Recorded information:

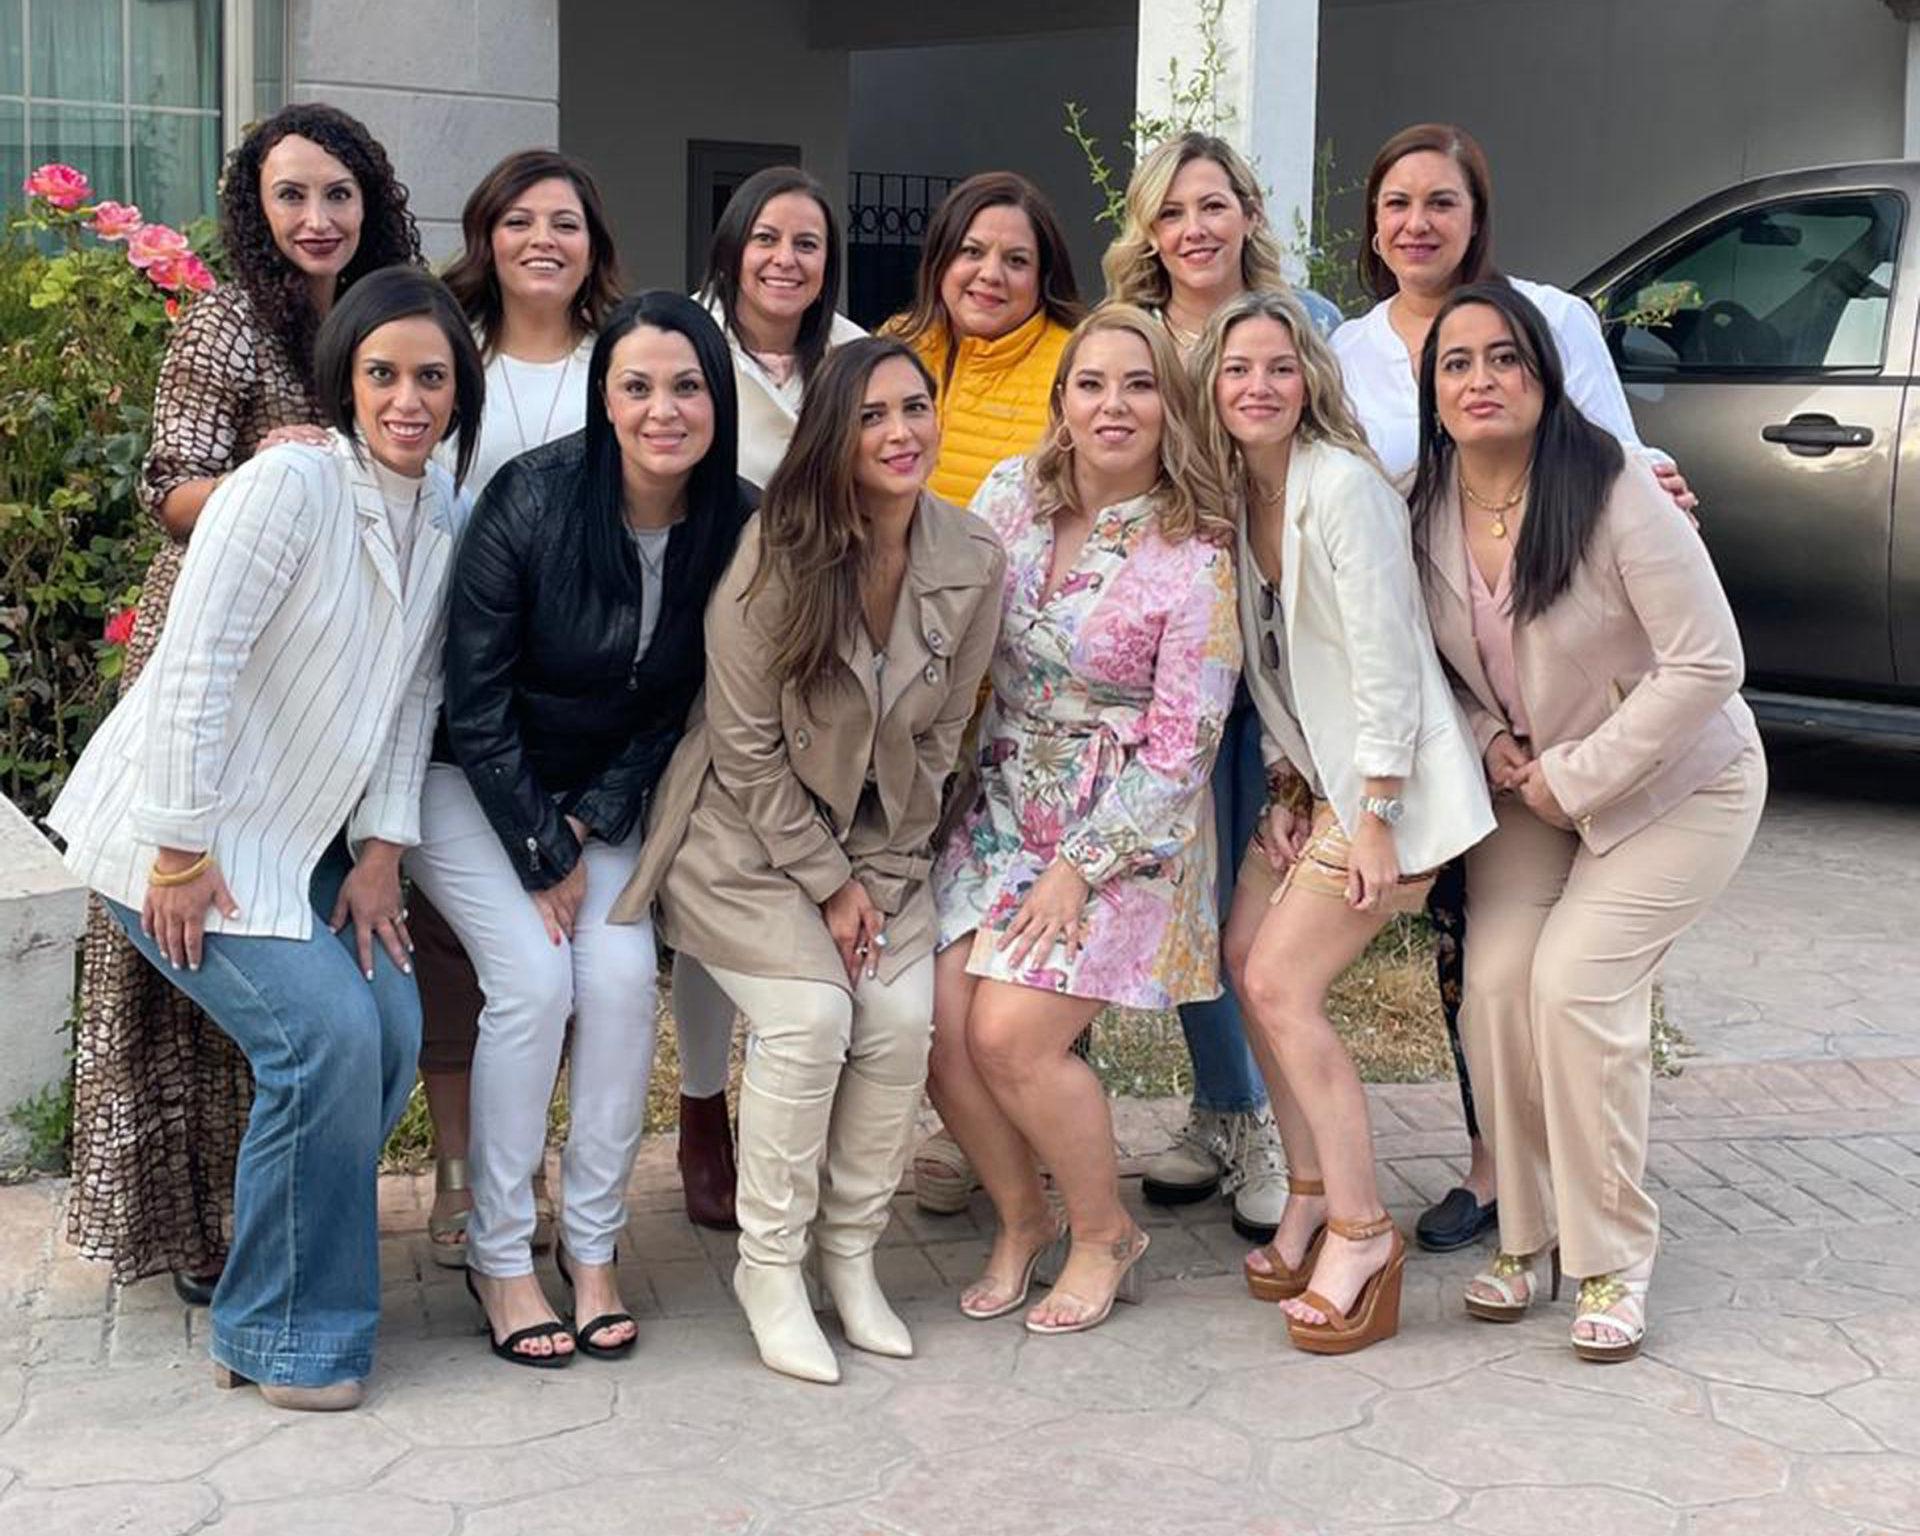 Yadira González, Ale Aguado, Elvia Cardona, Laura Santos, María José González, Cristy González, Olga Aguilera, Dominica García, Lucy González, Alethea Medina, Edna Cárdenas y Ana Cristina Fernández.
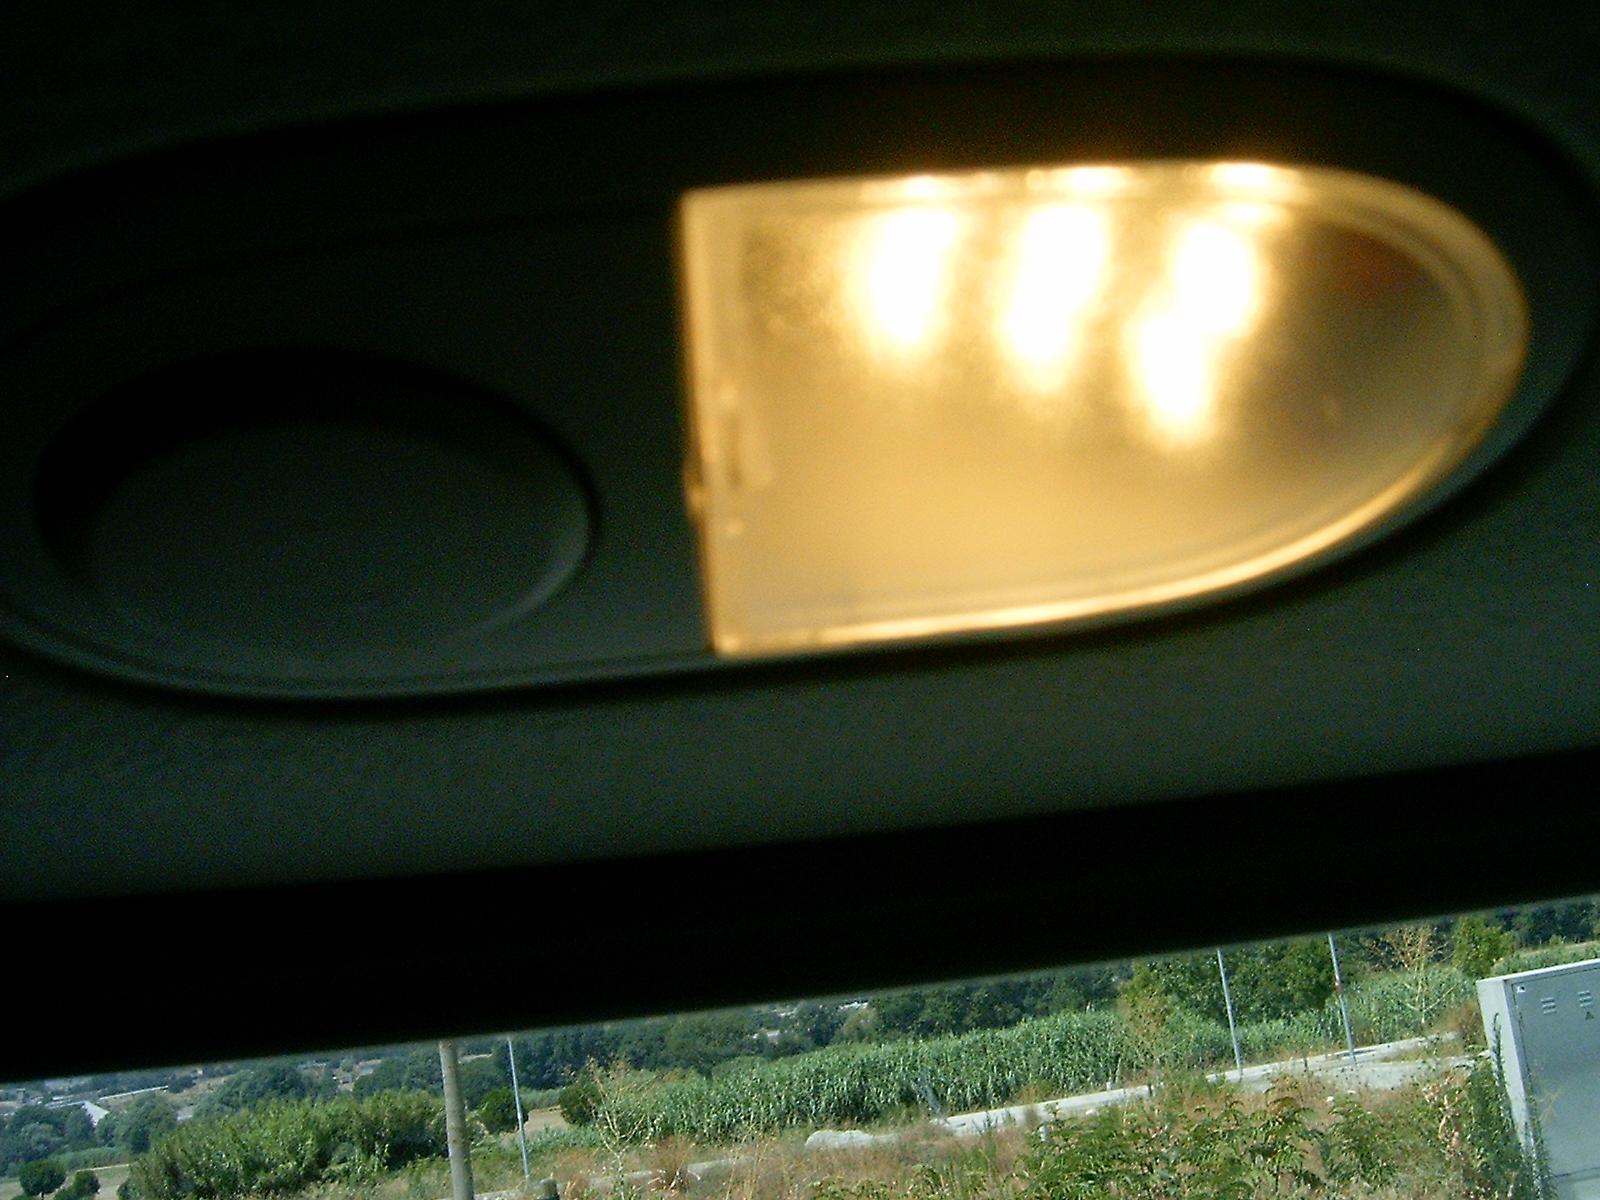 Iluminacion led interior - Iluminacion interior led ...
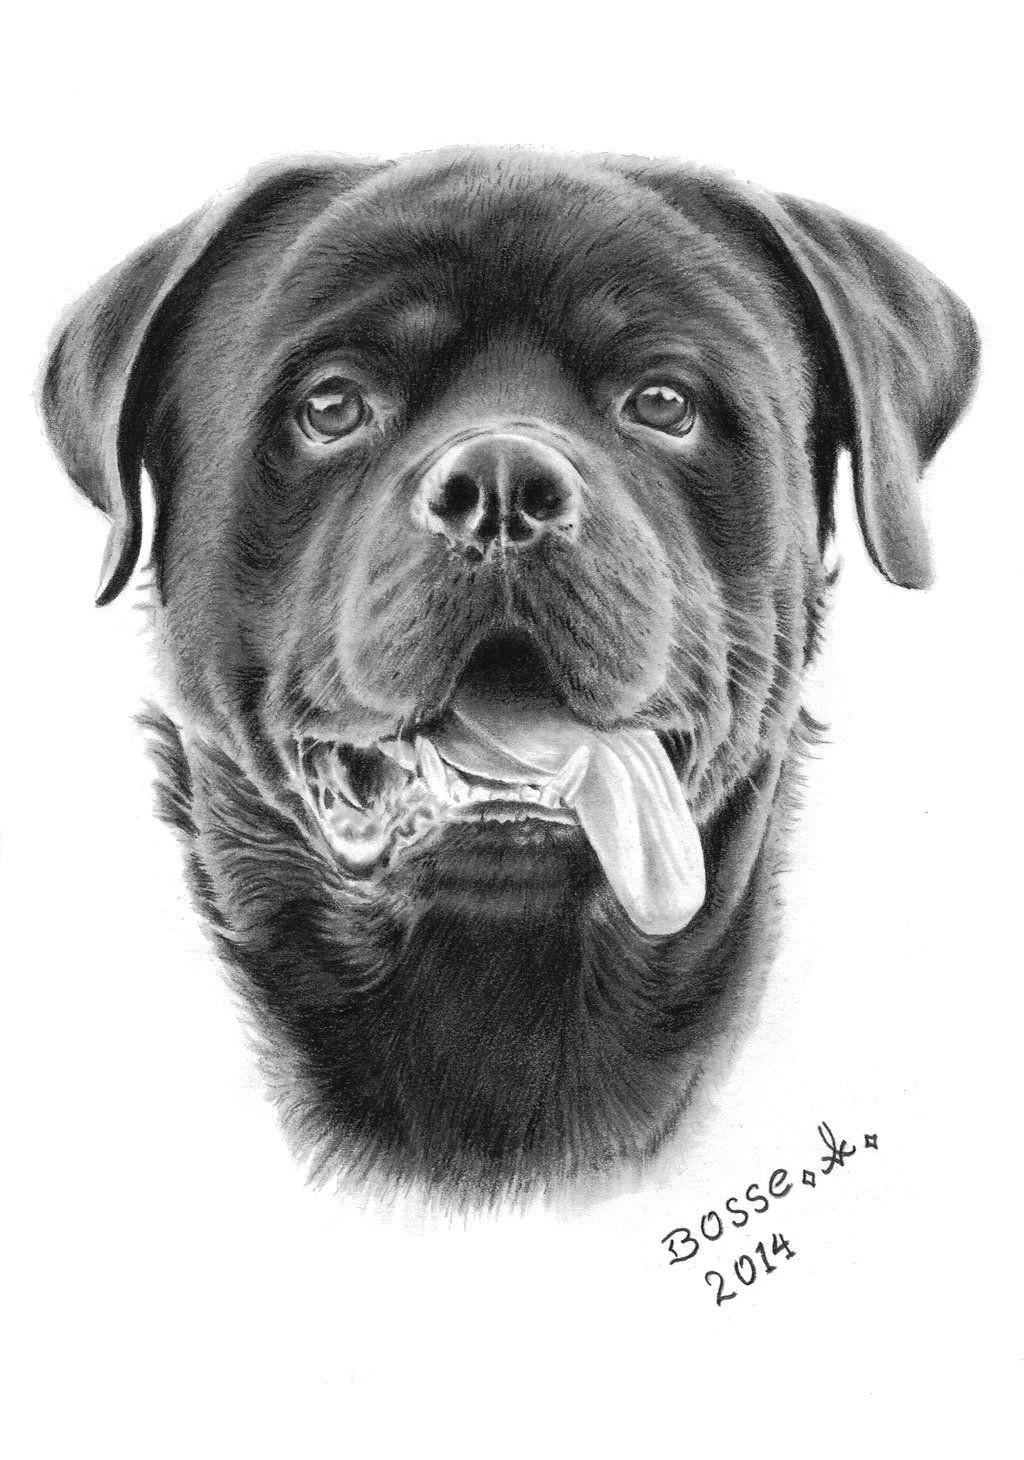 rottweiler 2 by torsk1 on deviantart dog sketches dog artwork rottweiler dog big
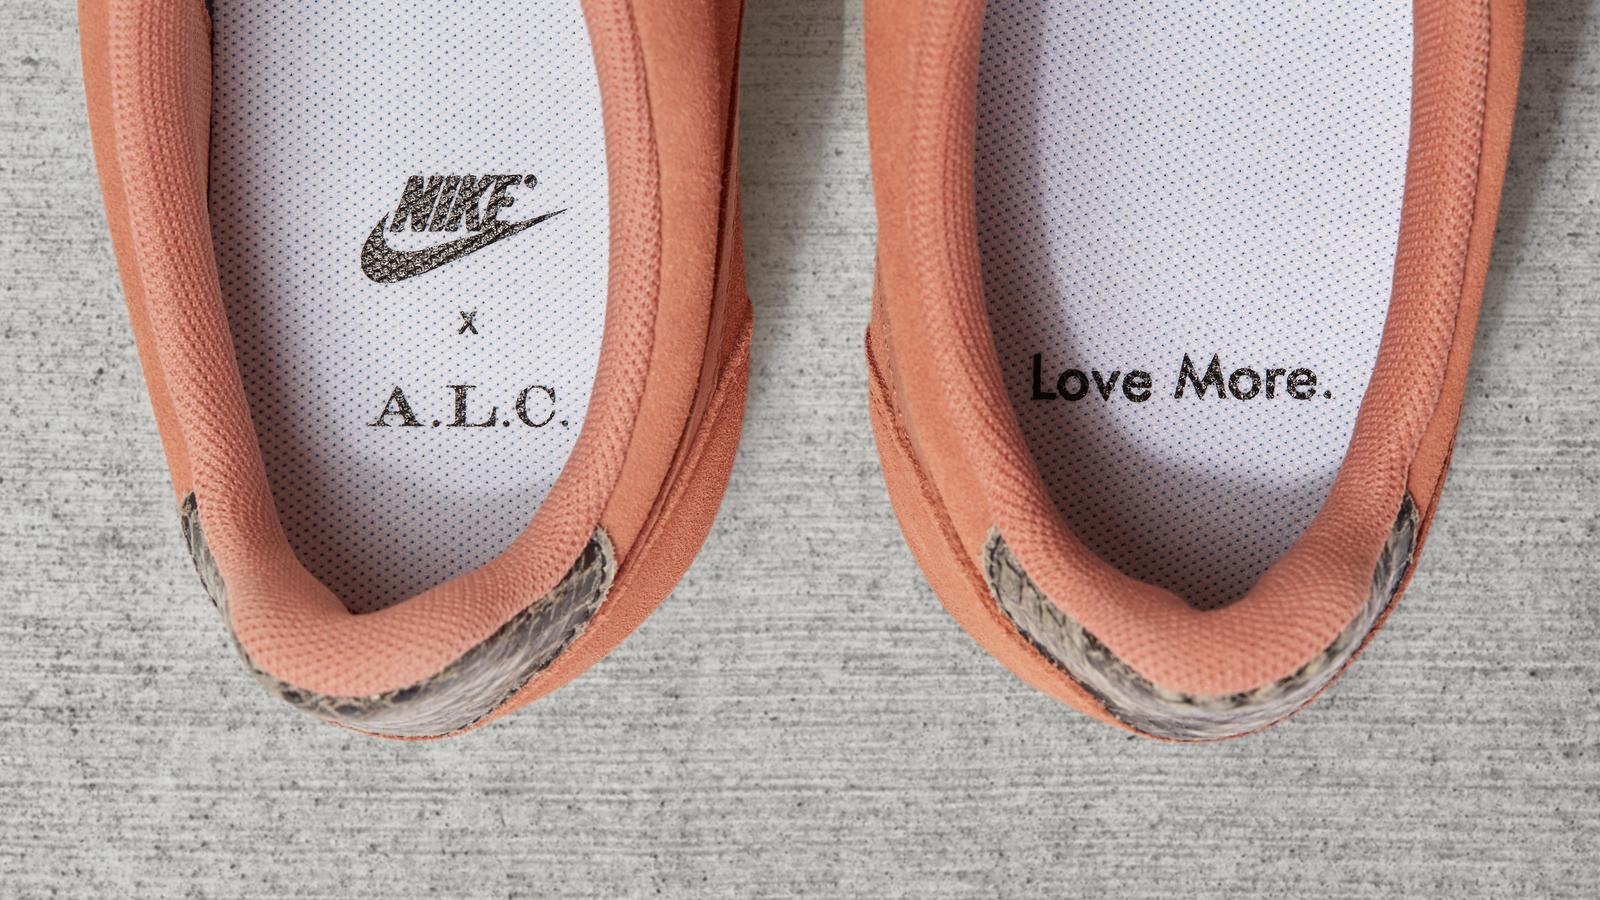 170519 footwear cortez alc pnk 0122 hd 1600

Task to complete:
Starting at the line that contains "Iluminacion led interior", restate each line verbatim through the final line of the listing, skipping all pictures.

Solution to this problem:
 Iluminacion led interior - Iluminacion interior led ...
 rottweiler 2 by torsk1 on deviantart dog sketches dog artwork rottweiler dog big
 170519 footwear cortez alc pnk 0122 hd 1600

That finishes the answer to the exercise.